1: G < B < < Eb < G.
absolute pitches:
G_ 393 = 131*3
5*131*3= 3*655 < 656*3 328*3 164*3 82*3 41*3 = B 123 < 124 62 31
5 * 31 = 155 < Eb 156 78 = 26*3
5*26*3 = 3*130 < 131*3 = G 393.

That results in the relative diesis 128/125 subdistribution:
G 656/655 B 69.333.../68.333... Eb 131/130 G.

2: D < F# < Bb < D.
abs:
D 147
5*147 = 735 < F# 736 368 ... 46 23
5* 23 = 115 < B 117 = 39*3
5*39*3= 3*195 < 196*3 98*3 49*3 = D 147.
rel:
D 736/735 F# 58.5/57.5 B 196/195 D.

3: A < C# < < F < A.
abs:
A 55
5* 55 = 275 < C# 276 139 69 < 70 35
5* 35 = 175 < F 176 88 44 22 11
5* 11 = A 55.
rel:
A 276/275 C# 70/69 F 176/175 A.

4: E < < G# < C < E.
abs:
E 329 < 330 165 < 166 83
5*83 = G# 415 < 416 208 ... 52 26
5*26 = 130 < C 131
5*131= 655 < E 658 329.
rel:
E 110.666../109.666.. G# (17/21+99)/(98+17/21) C 219.333../218.333.. E

~Cents approx. distribution of the 4 diesises
represented as 3rds sharpnesses:

1: G<3<B_<<<<<<<<<<<<25<<<<<<<<<<<Eb<<<<<<13<<<<<C.
2: D<2F#<<<<<<<<<<<<<<30<<<<<<<<<<<<<<Bb<<<<9<<<<G.
3: A<<<6<<C#<<<<<<<<<<<<25<<<<<<<<<<<F_<<<<10<<<<A.
4: E<<<<<<<16<<<<<<<G#<<<<<<<<17<<<<<C_<<<<<13<<<E.
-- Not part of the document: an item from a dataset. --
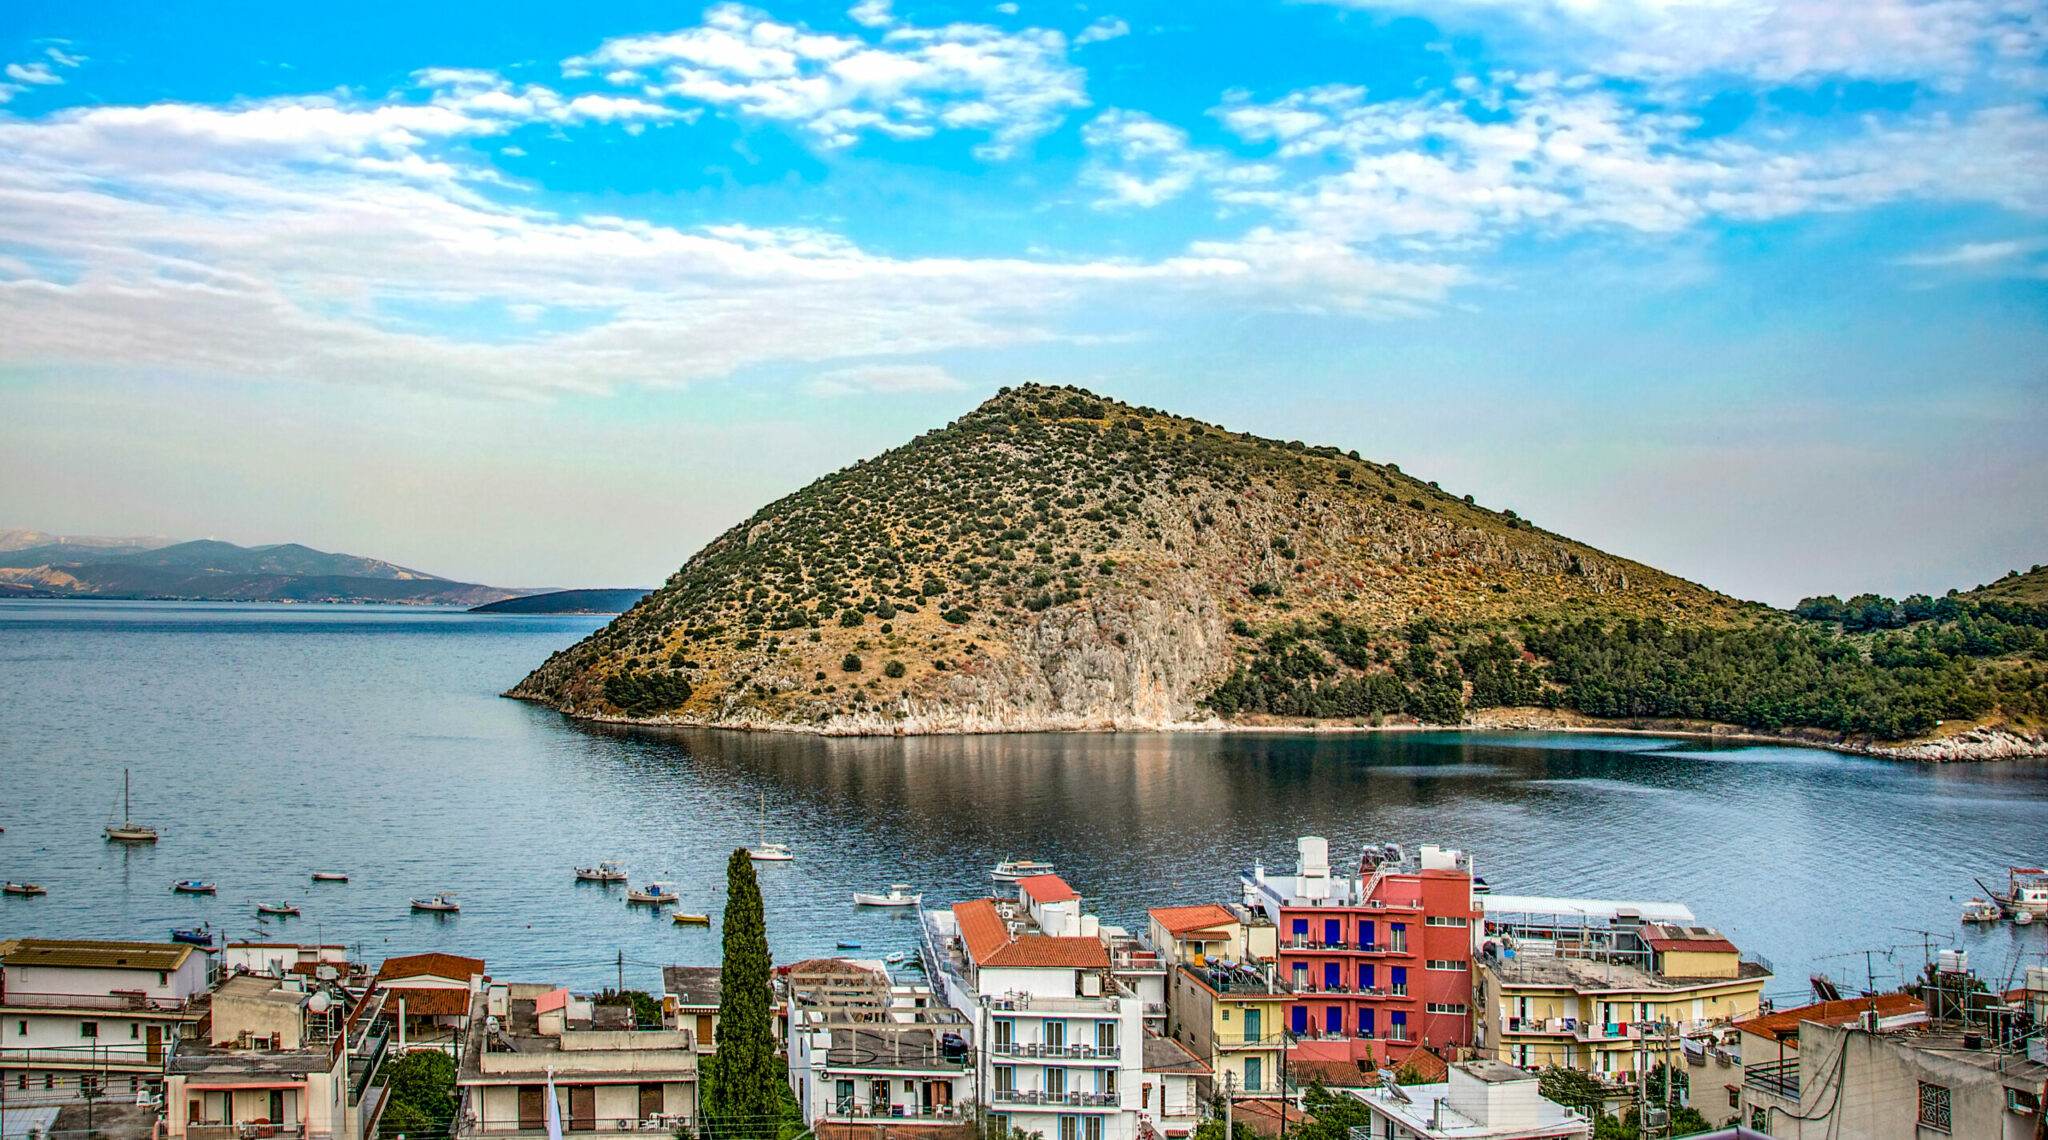 cities to visit near athens greece
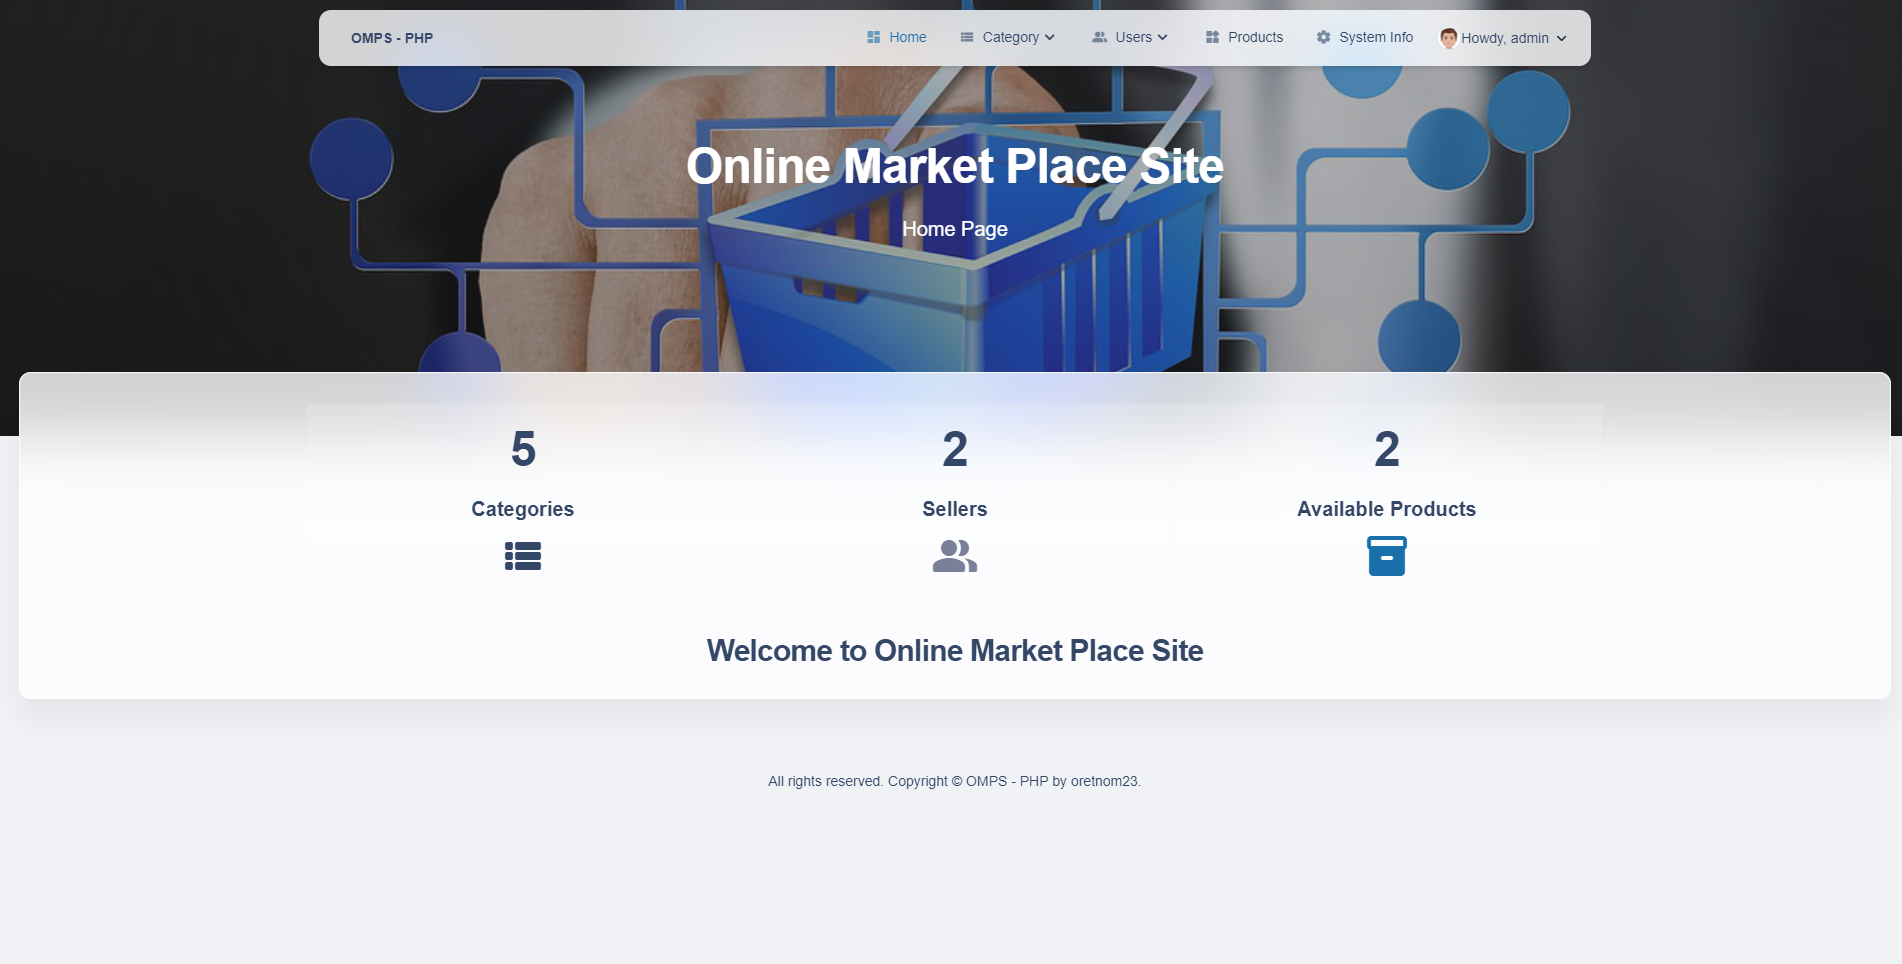 Online Market Place Site in PHP

slightly different from 12-EDO with all 3rds ~14Cents same sharp.

For those who like meantonic harmonic 7ths 7/4 Eb>C#
Attend:
7*Eb/C# is barely 92/91 ~18.9Cents sharp
-still yet used in Victorian era -
instead ~32.2C in 12-EDO.

have a lot of fun with that
A.S.

🔗Brad Lehman <bpl@umich.edu>

> The historical method would be to take a 19th century piano, or not,
> depending on whether you wanted it, get it tuned entirely by ear, take
> string, woodwind and brass instruments likewise, put players behind
> them and get them to use their ears.
> > The result would NOT be describable by any mathematical system short
> of specifying the individual frequency of each separate note in the
> piece.

I concur!

In this olden book from c1908 (IIRC - a cheap Dover paperback reprint that my local library has),
http://www.amazon.com/Piano-Tuning-Simple-Accurate-Amateurs/dp/0486232670

the author presses the model of equal temperament, done by ear, obviously...but an interesting remark (to me) is that he has a complaint against some of the other contemporary tuners. He says that some of them do too much favoring of the flat keys, and it's therefore not equal enough for him. [NB: His complaint is theoretical, not about the musical results or the usefulness of temperaments so nuanced.]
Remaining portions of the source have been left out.